Task description: Exact copy, pictures excluded: write out every line below.

The data:
+++
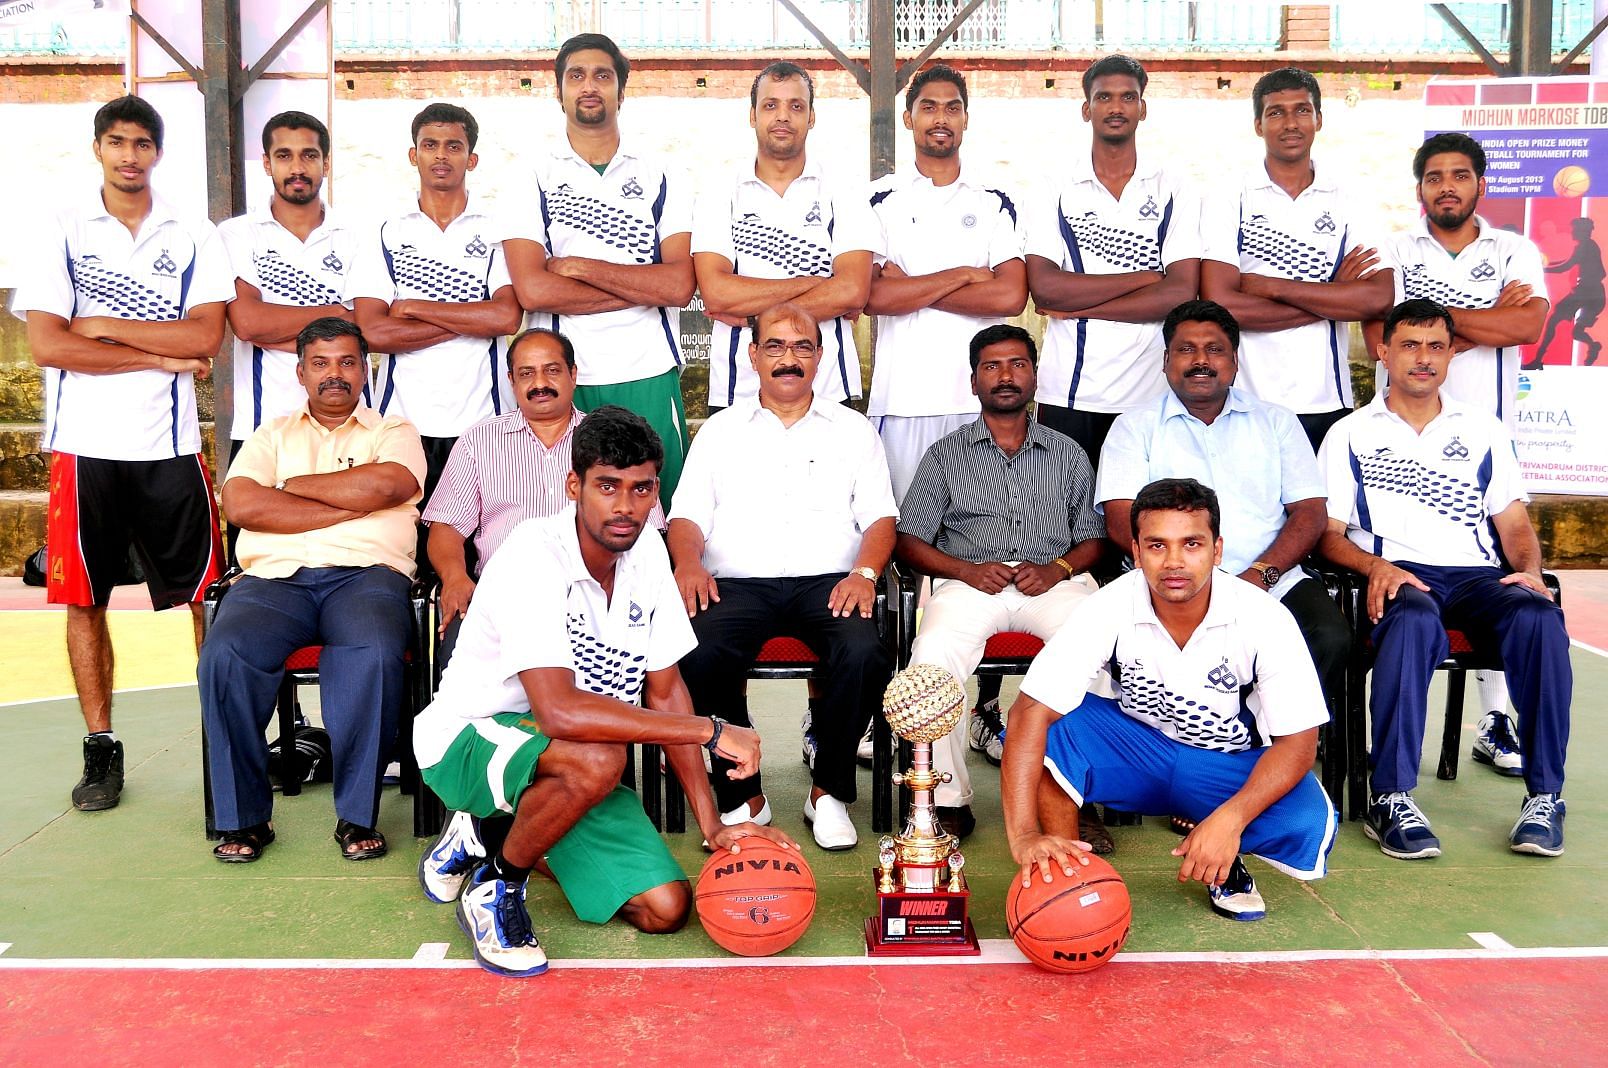 Men&acirc;s Champions IOB, Chennai
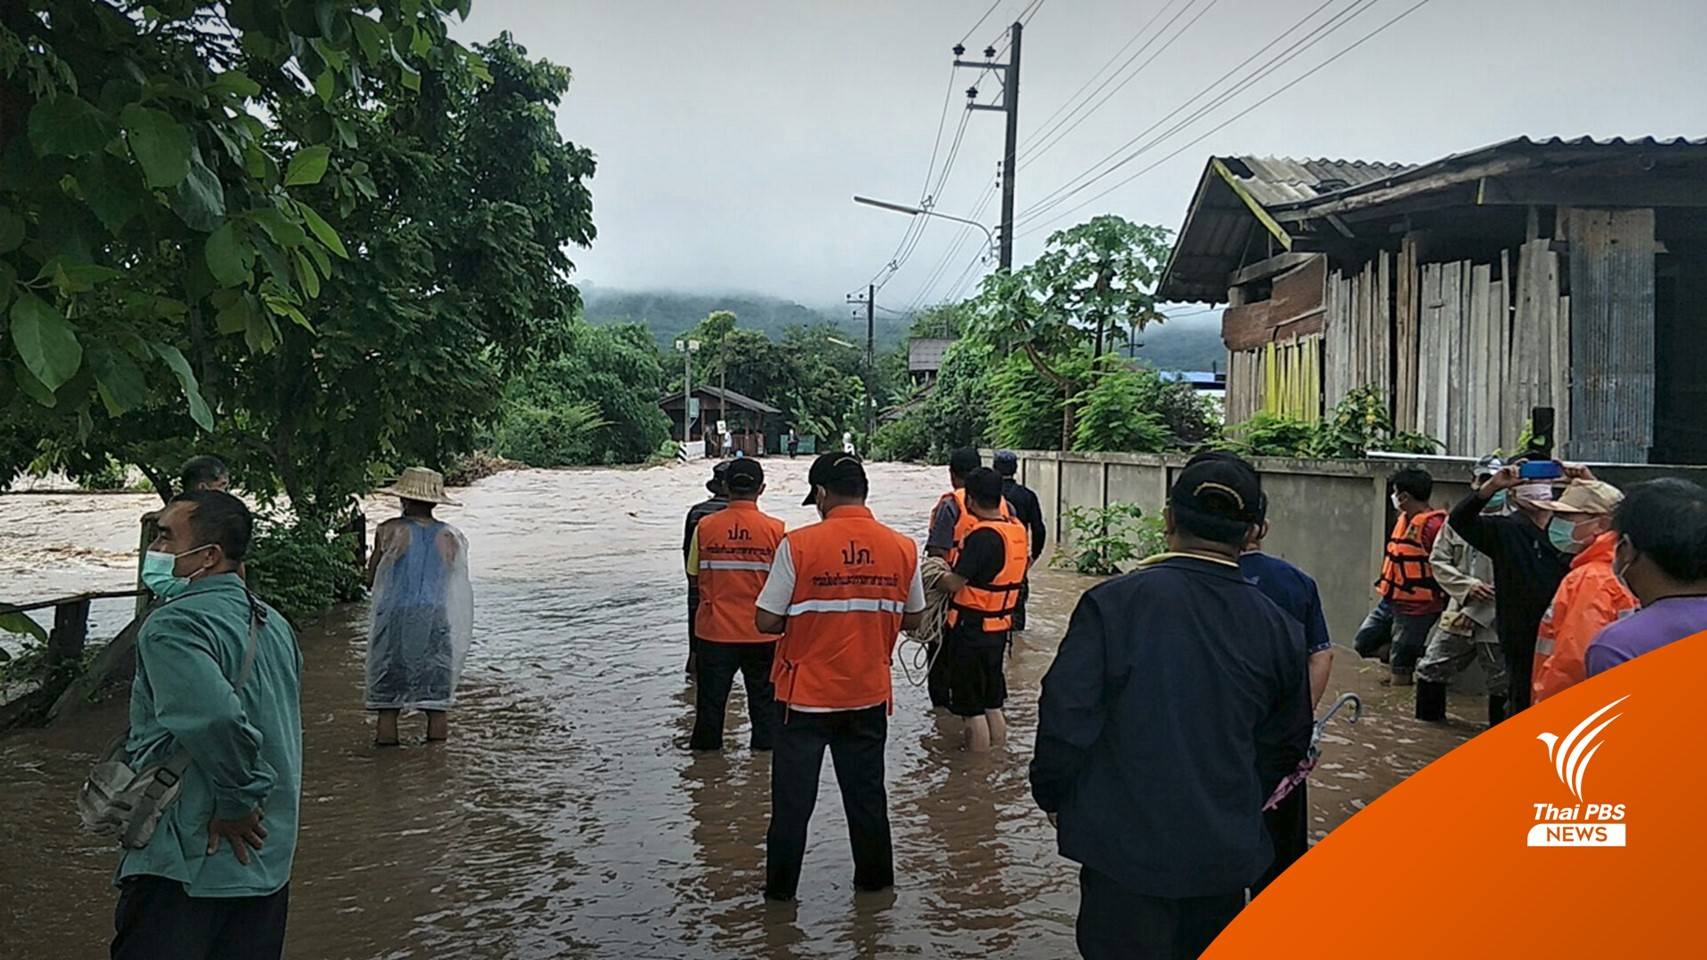 น้ำหลากท่วมหมู่บ้าน "นาน้อย-งาว" เร่งช่วยผู้ประสบภัย
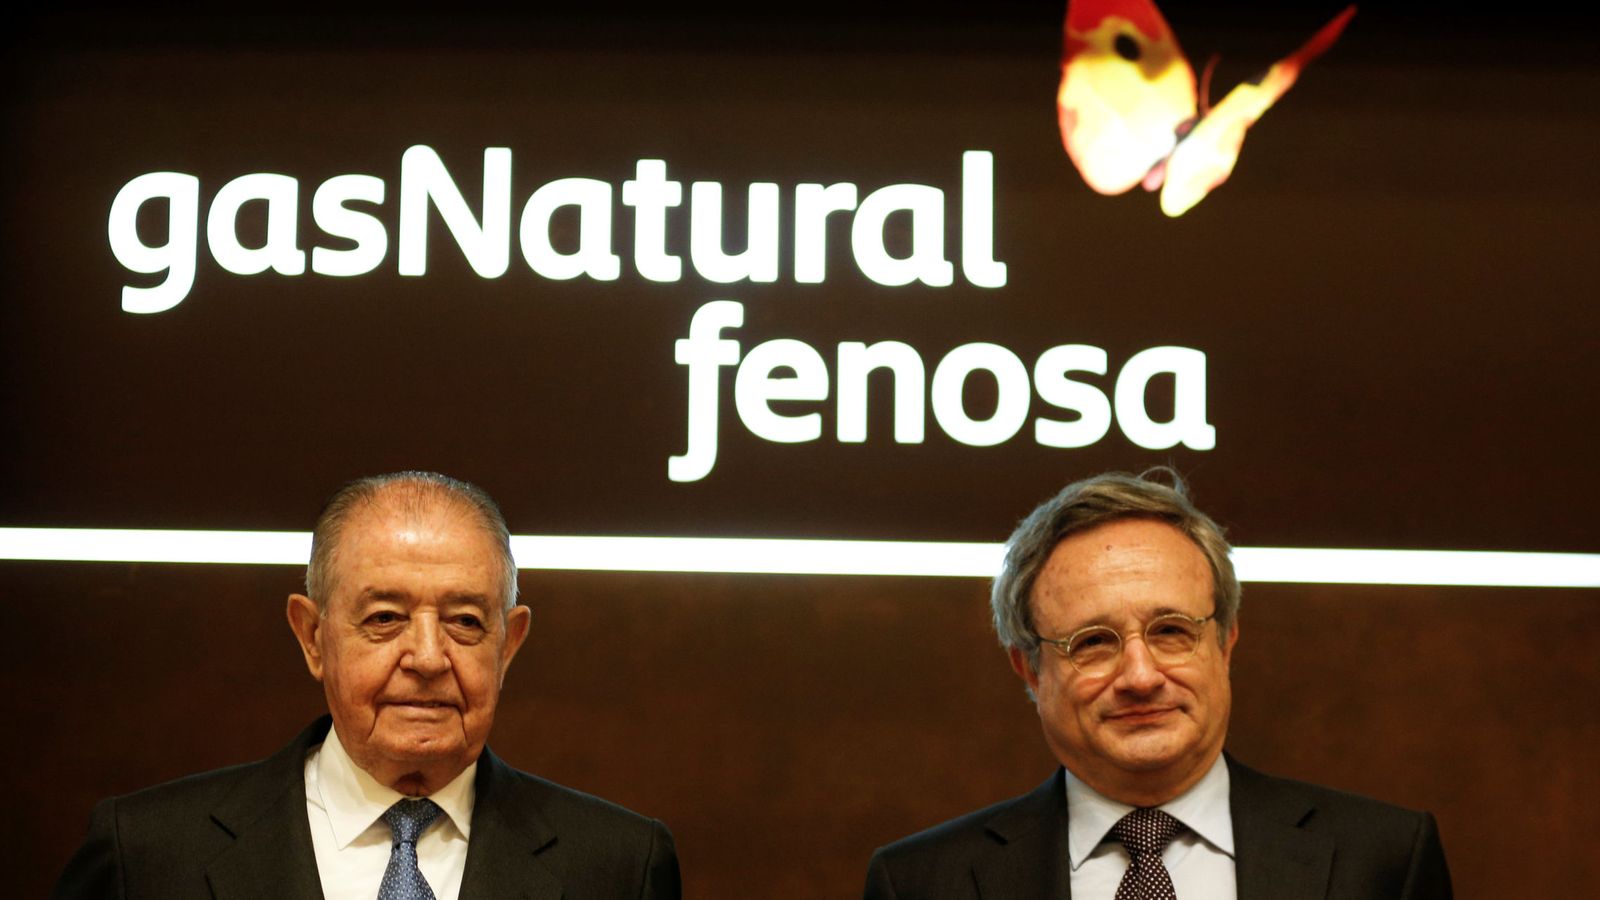 Foto: El presidente del Gas Natural, Salvador Gabarró junto con el consejero delegado Rafael Villaseca
+++
Answer to this problem:
 Men&acirc;s Champions IOB, Chennai
 น้ำหลากท่วมหมู่บ้าน "นาน้อย-งาว" เร่งช่วยผู้ประสบภัย
 Foto: El presidente del Gas Natural, Salvador Gabarró junto con el consejero delegado Rafael Villaseca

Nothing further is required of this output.